We interpreted these in vitro findings as a result of an in vivo preconditioning effect of chemokines on endogenous NPC: After impact lesion there is a strong inflammatory reaction from the very early beginning with induction of pro-inflammatory mediators like cytokines and chemokines on thoracic spinal cord levels (Knerlich-Lukoschus et al., 2008). Consequently it is likely that neurosphere-like cells, which derived from spinal cord-injured animals, were already exposed to these inflammatory mediators and by this means pre-conditioned by microenvironmental changes before isolated for cell-culture experiments (spinal cord segments were taken 48 hours after surgery). In contrast, sham laminectomies did not result in an induction of chemokines and cytokines, and NPCs obtained from these animals were most likely not pre-exposed to these molecules.
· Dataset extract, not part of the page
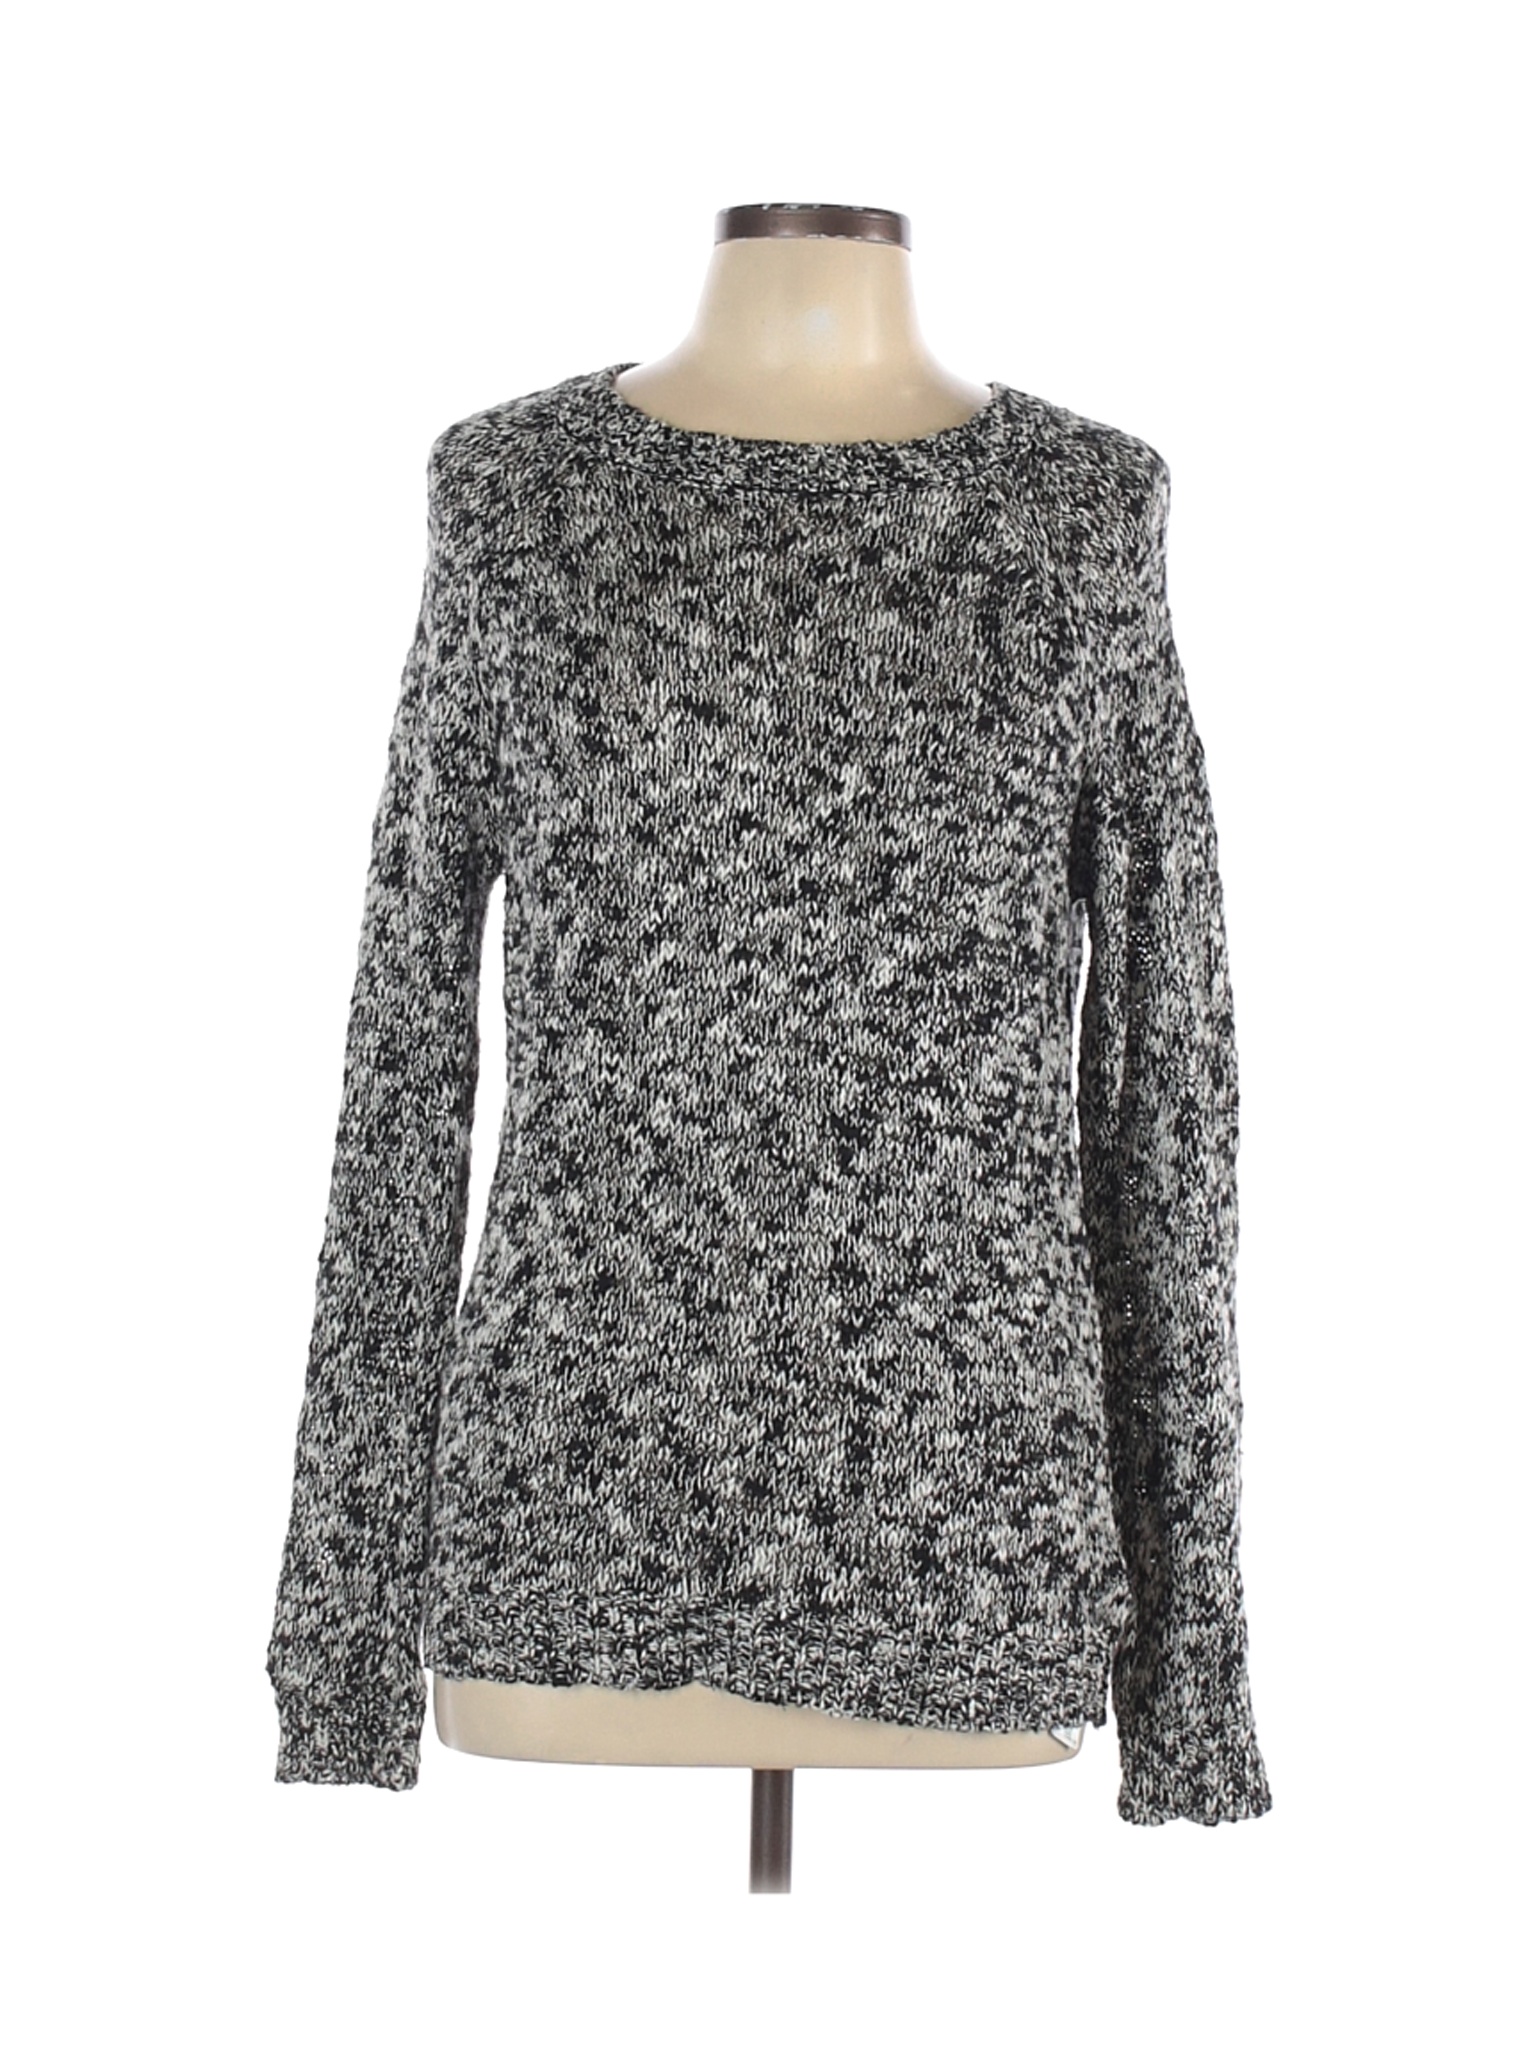 Joe Fresh Women Black Pullover Sweater L | eBay

In the context of recent literature on chemokines and NPCs these observations in our in vitro and in vivo SCI settings strongly suggest that CC-chemokines have an impact onendogenous NPCs and specifically onastroglial/radial glial differentiation. Regarding neuroregeneration after SCI, this remained a double-edged sword: In principal, radial glial cells and subgroups of astrocytes can be viewed as pluripotent neural precursors in the adult CNS and are important among others in guiding migrating neurons, regulating axon out-growth and path-finding during white matter patterning (among others (Rakic, 1972)). Thus these cells might be crucial after SCI in that they support endogenous NPCs of neuronal cell fate in their migration and formation of functioning cell circuits, a pre-requisite for functional neuroregeneration. However, on the other hand excessive astrogliosis results into gliotic scarring that is known to hinderformation of such new, functional circuits. This means that balancing these effects of astrogliosis remains an important and challenging aspect, which has to be considered in developing anti-inflammatory-targeted therapies for SCI.

In ongoing and future investigations the intracellular signal transduction pathways of the observed differences in chemokine effects on sham and lesion derived NPC cultures have to be addressed further. Preliminary investigations of CCL3 effects on the EGF signal transduction pathway revealed that pre-treatment with CCL3 induced an activation of MAP Kinase p42 and p44 only in cell cultures derived from sham groups (unpublished preliminary data). This again might be due to chemokine-receptor desensitisation during very early time course after lesion. However, these are preliminary results, which have to be consolidated in further detailed analyses of potentially involved signalling cascades.

Summarizing the presented in vivo and in vitro studies regarding possible effects of chemokines on endogenous NPCs after SCI, different chemokine subgroups might be involved in distinct regulatory functions of neuro-de- and regeneration, depending on the time-point at which and anatomical region in which these mediators are induced. In regard to their subpial induction in the ventro-lateral white matter C-C-chemokines and their receptors (CCL3/CCR1) are likely involved in cellular processes that comprise astroglial and radial glial cell types. In this sense, chemokines can be viewed as important “determinants” of endogenous NPCs’ microenvironment. Consequently, these mediators should also be considered in future development of restorative approaches for SCI.